Toward More Strategic Sourcing
March 17, 2008
When the economic times get tough, companies almost automatically try to trims costs by pumping up the competitive pressure on their suppliers. But that might be a mistake, according to a new white paper from Huron Consulting Group. Taking a rigidly competitive approach to supplier selection may save funds in the short term, but it can eat time and resources in the long run, create resistance within the organization, and send the wrong message to suppliers who have performed well. Companies need a more flexible, strategic approach, even in hard times.
"You want to have the freedom of a diverse approach to your supplier base," says Michael E. Shea, Ph.D., director with Huron and author of the report. He advocates a portfolio approach, one that bases supplier selection decisions on an appraisal of incumbent relationships as well as price performance. "If you treat the supplier base as a portfolio, you can deal with suppliers separately and uniquely, which will optimize not only the returns you get in terms of dollars but also the value of the relationships that you'll be maintaining or building," says Shea. "And it will help you manage the risks."

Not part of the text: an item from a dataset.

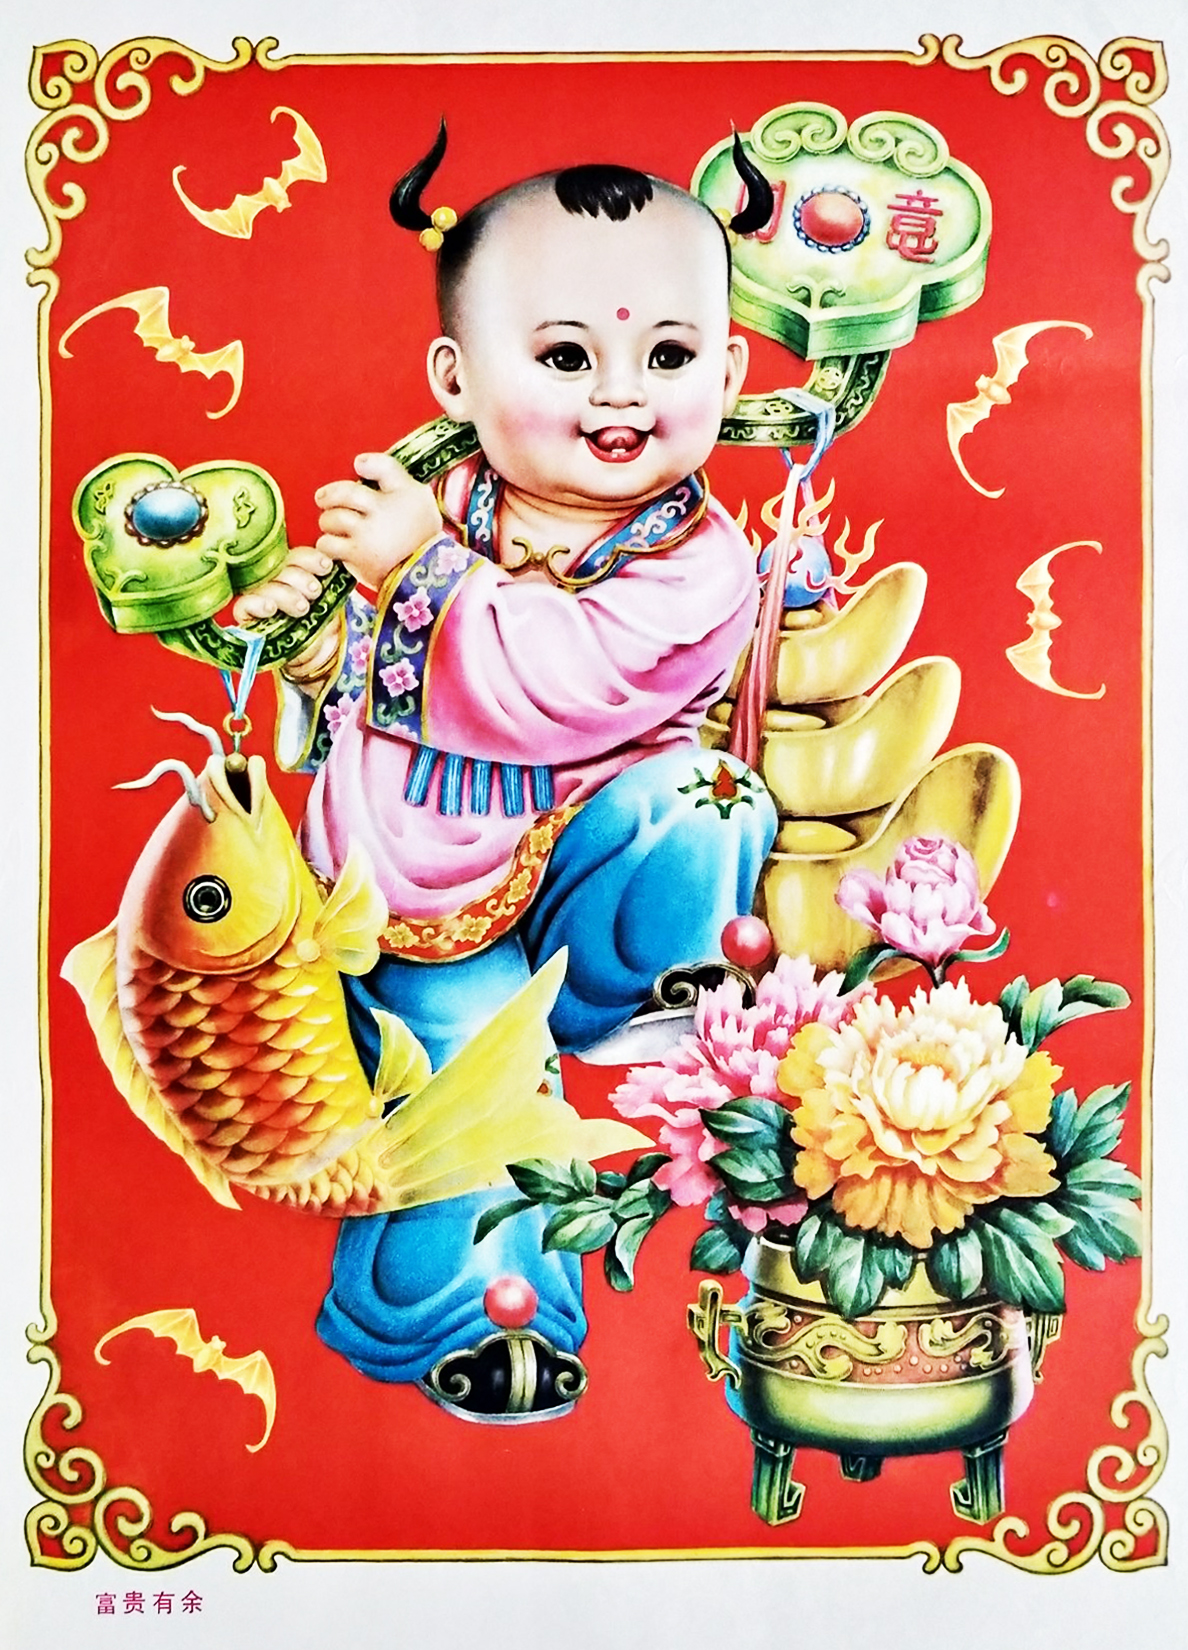 高清年画胖娃娃,红鲤鱼,丰收乐,吉庆有余,一帆风顺,鱼肥荷香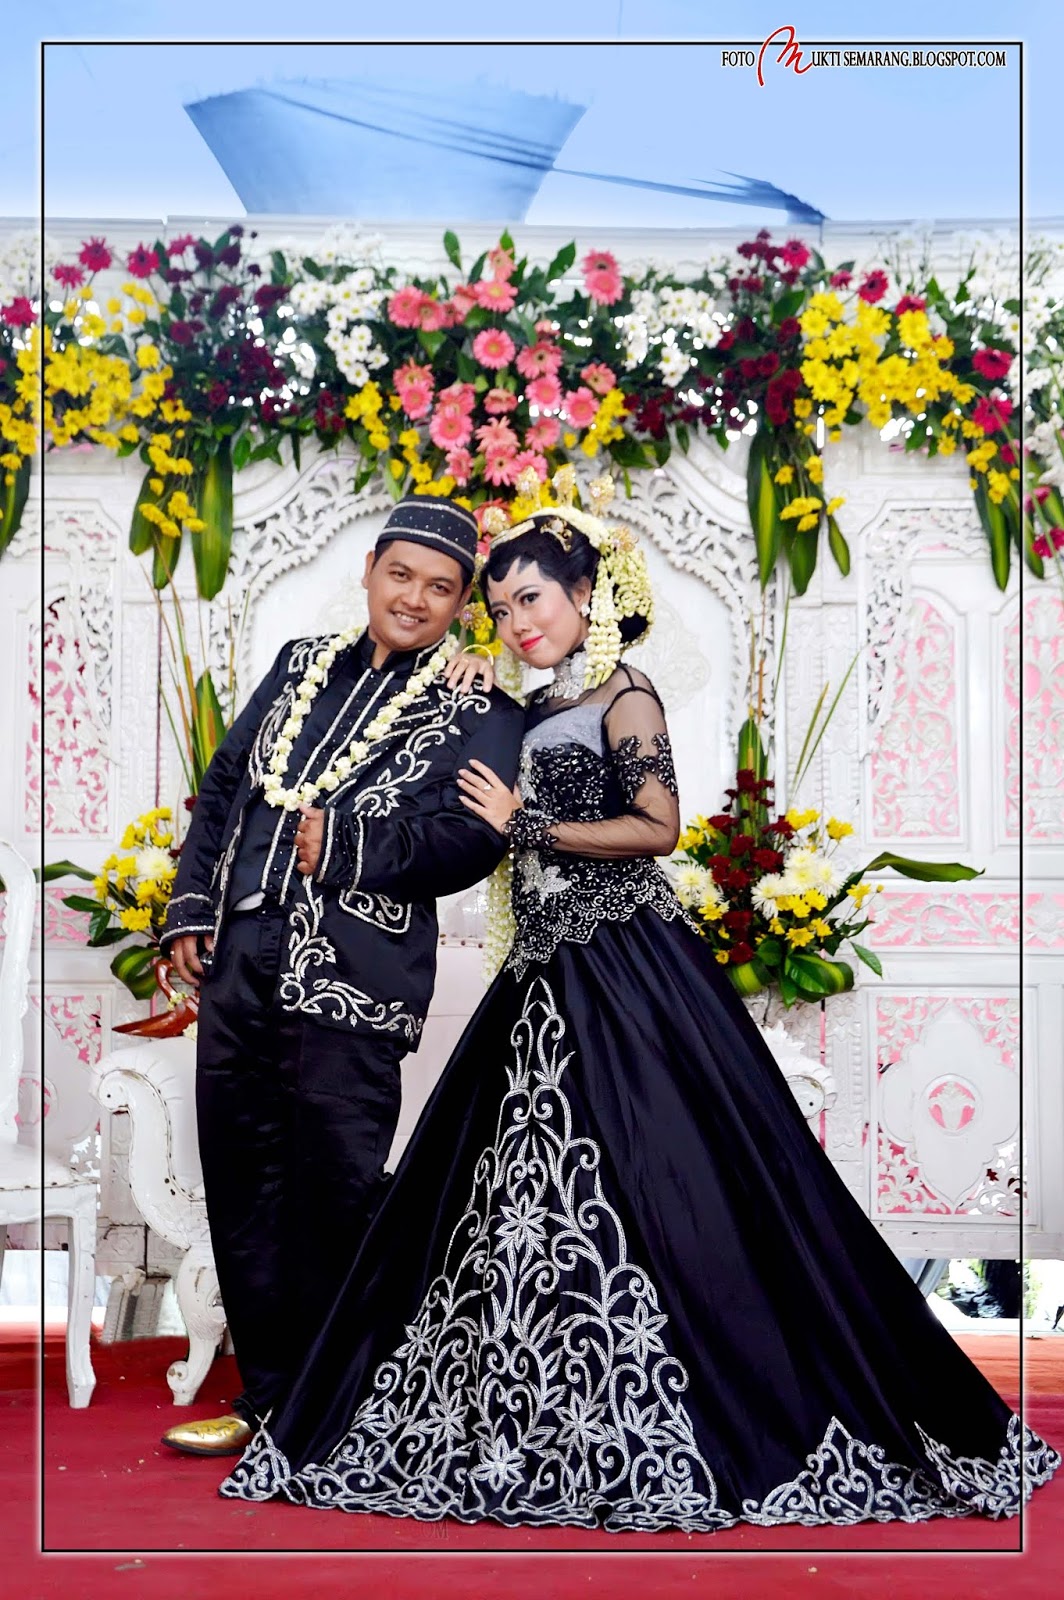 RIAS SEMARANG ARTHARIAS SEMARANG WEDDING Rias Pengantin Semarang

Such an approach means establishing an ongoing dialog with incumbent suppliers to understand their business needs and strategic objectives and how those mesh with your own goals and preferences. And it means paying close attention to switching costs. "If you switch to another supplier you may need to unplug the connectivity you have in place," notes Shea. "You may have electronic funds transfers, for example. You may have a website set up that you're ordering through. If you have e-procurement technology, you may have to switch that."
Switching carries risks, too, Shea points out. "You could easily envisage, especially in a manufacturing company, that you've been buying very specific items with design specifications from a certain supplier. If you switch to someone else, the risk is a form of cost. Will the new parts coming from that new supplier work as well as the old ones?"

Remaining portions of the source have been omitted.